▶ _Task goal_
Retype the whole listing exactly. Leave out pictures.

▶ _Data provided_
════════
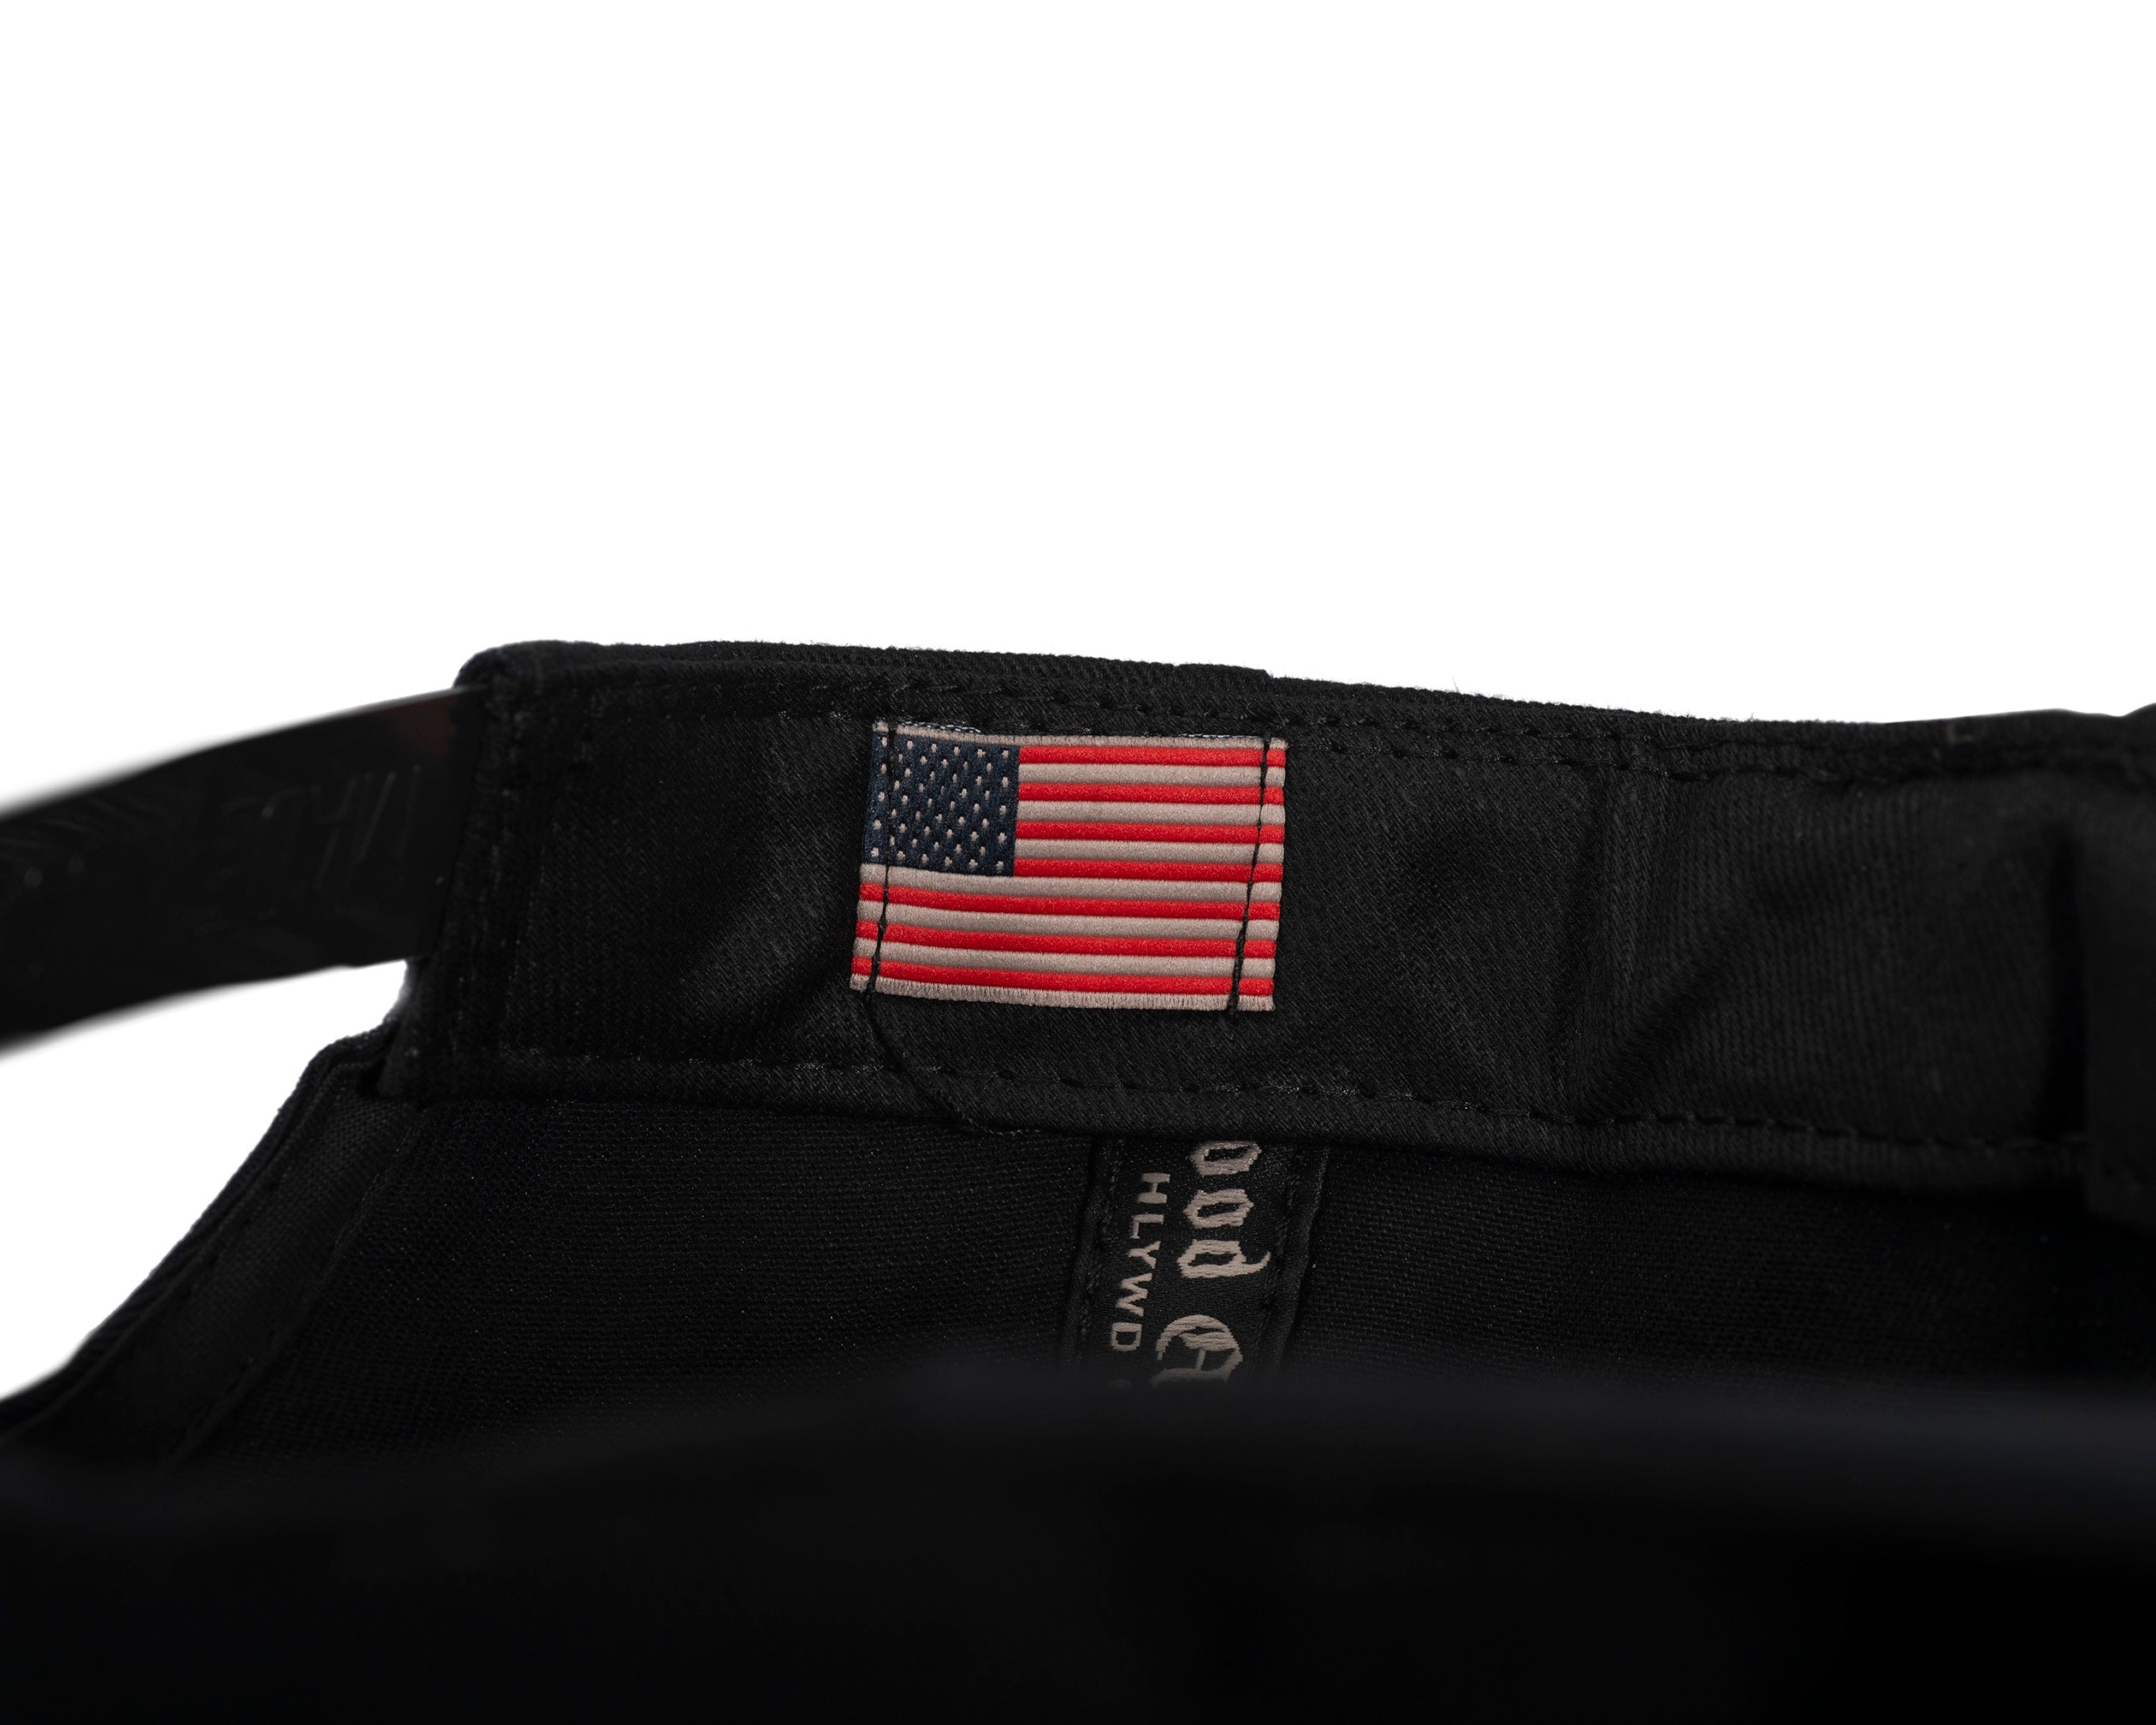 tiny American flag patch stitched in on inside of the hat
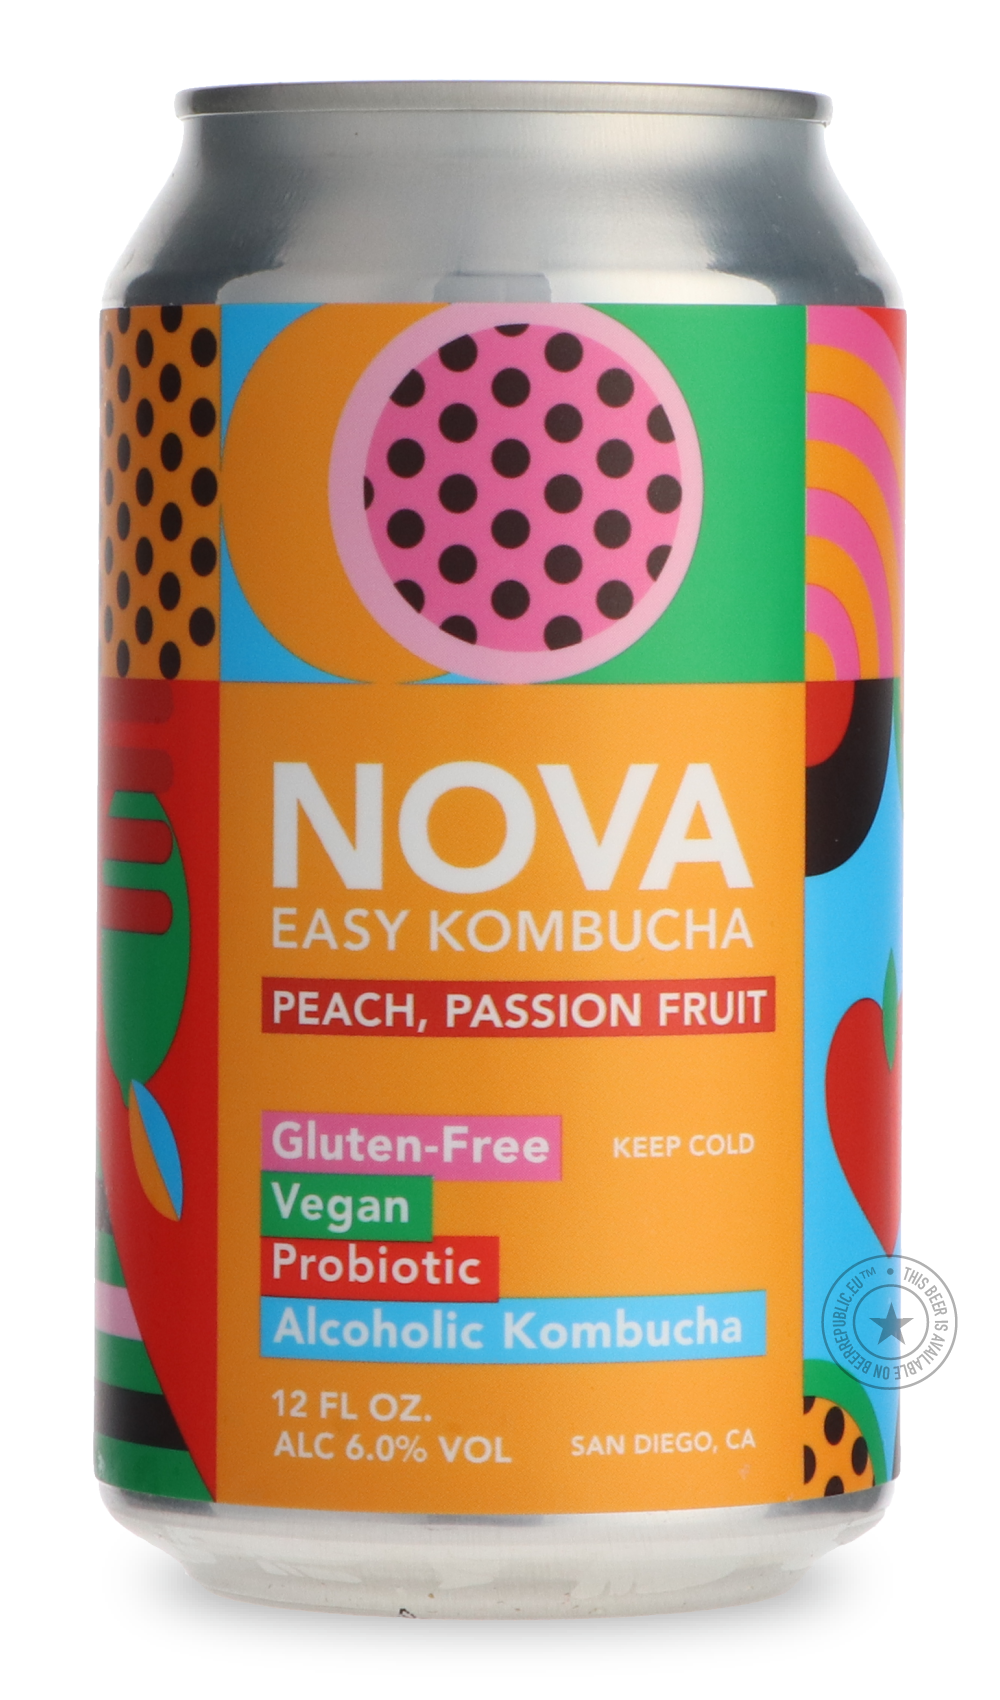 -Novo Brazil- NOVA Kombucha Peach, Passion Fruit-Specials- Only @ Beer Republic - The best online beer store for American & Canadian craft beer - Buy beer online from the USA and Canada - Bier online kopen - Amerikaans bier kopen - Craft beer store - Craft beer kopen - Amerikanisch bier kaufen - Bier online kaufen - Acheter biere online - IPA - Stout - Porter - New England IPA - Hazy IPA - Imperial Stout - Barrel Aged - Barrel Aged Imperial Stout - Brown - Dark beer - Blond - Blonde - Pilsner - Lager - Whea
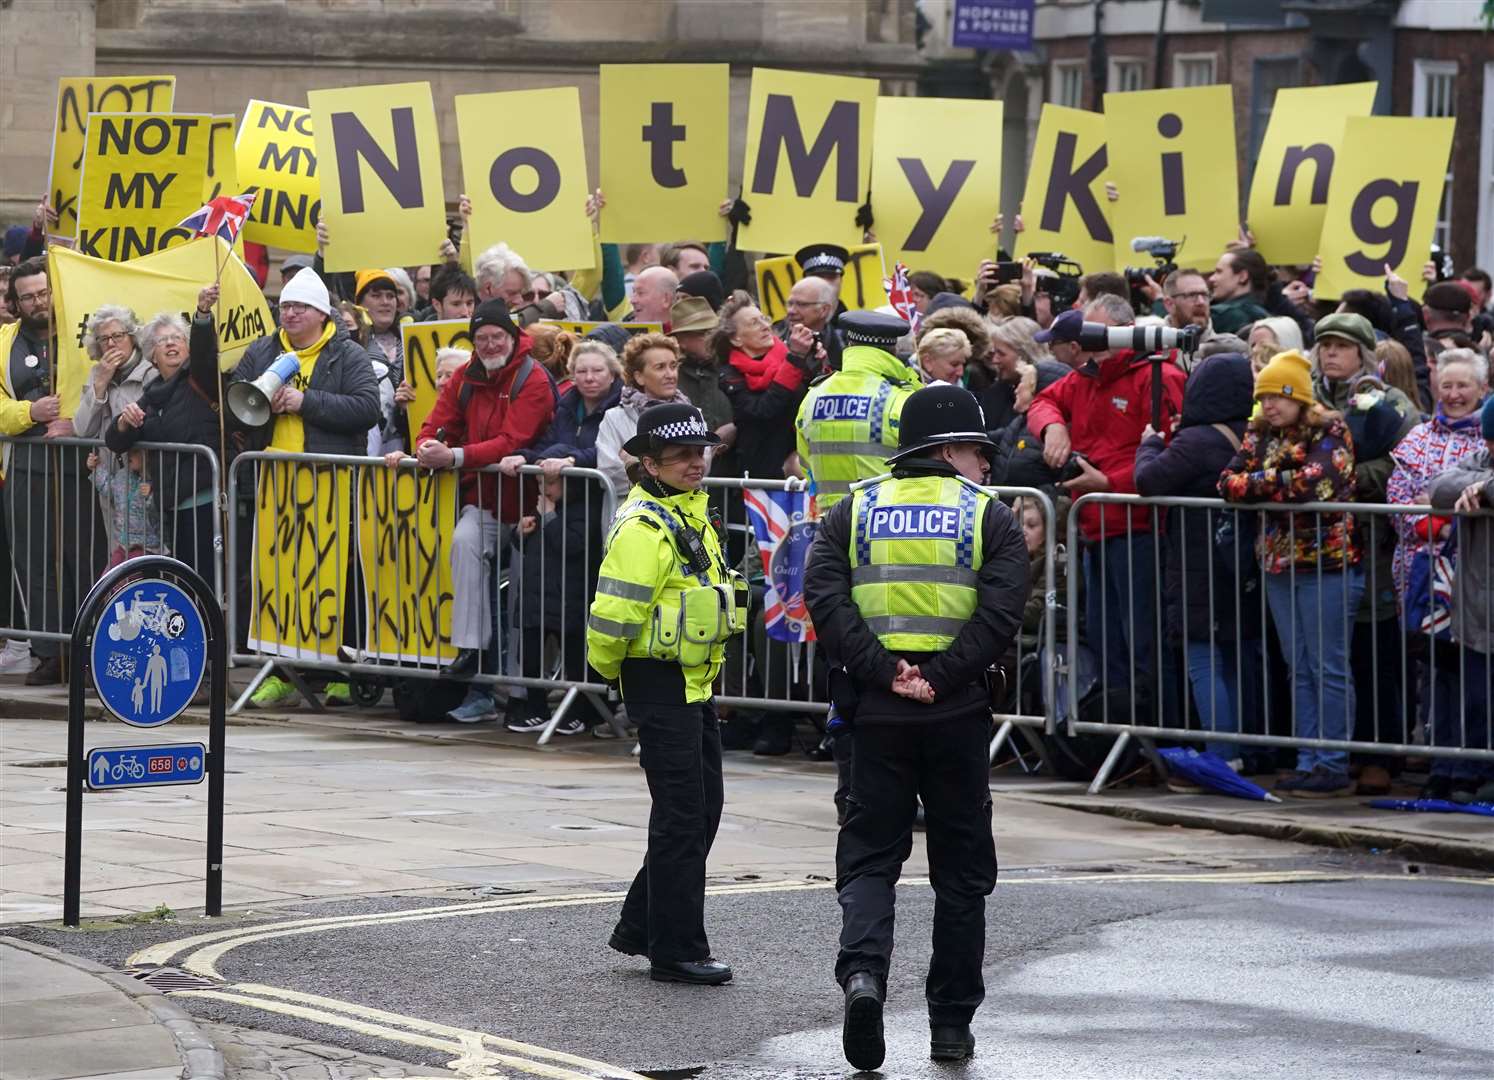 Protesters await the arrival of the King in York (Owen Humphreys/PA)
════════
▶ _Answer for the task_
 tiny American flag patch stitched in on inside of the hat
 -Novo Brazil- NOVA Kombucha Peach, Passion Fruit-Specials- Only @ Beer Republic - The best online beer store for American & Canadian craft beer - Buy beer online from the USA and Canada - Bier online kopen - Amerikaans bier kopen - Craft beer store - Craft beer kopen - Amerikanisch bier kaufen - Bier online kaufen - Acheter biere online - IPA - Stout - Porter - New England IPA - Hazy IPA - Imperial Stout - Barrel Aged - Barrel Aged Imperial Stout - Brown - Dark beer - Blond - Blonde - Pilsner - Lager - Whea
 Protesters await the arrival of the King in York (Owen Humphreys/PA)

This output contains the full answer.